Today we took themes that we found in our graphic novels and tried to write thesis statements about them. Here’s a recap of class:

1) First, you should have brainstormed a list of thematic ideas (things, people, places, choices that came up over and over again in your graphic novel). Try writing more than one word. Instead of “depressing” maybe the better theme is “overcoming depression.”

2) Choose one of the topics you wrote down and do a free write: write for ten minutes about that topic in the book without stopping. If you can’t think of anything to write that doesn’t mean stop writing, it means keep writing “I don’t know what to write” until something else comes to mind.

3) Review what you wrote and underline any arguments or opinions you wrote down.

4) This is the hard part: turn those underlined phrases or sentences into a thesis statement.

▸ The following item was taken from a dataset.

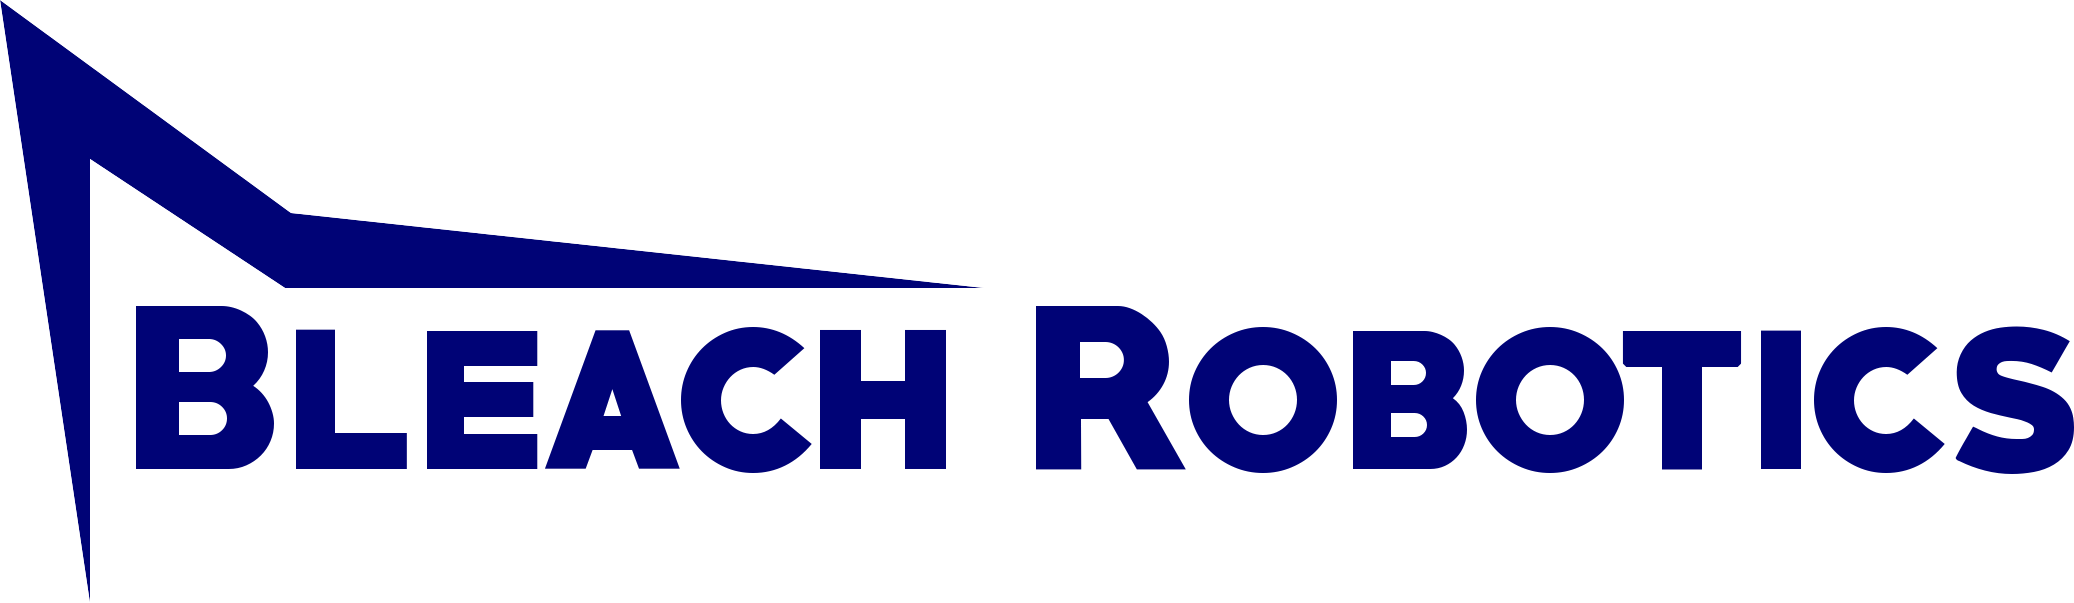 Bleach Robotics Logo

This checklist should help:

Length and format:
-Thesis statements are only 1-2 sentences
-Reads like an argument or an opinion
-The argument or opinion is backed up with how the author is going to prove their argument
“So What?”
-Thesis statement specifically references your book or character by name
-Uses the character or book to explain something larger, like something about human personality or society.
Basically, why is this thesis idea important outside of the book?
-Uses strong verbs like “shows,” “demonstrates,” “reveals,”
-Uses key words like “because,” “since,” “however,” “despite” or other words that can connect two ideas

If you left class today unsure today about what you did, we’ll revisit this tomorrow. The goal is that everyone will leave class tomorrow with an excellent and analytical thesis statement.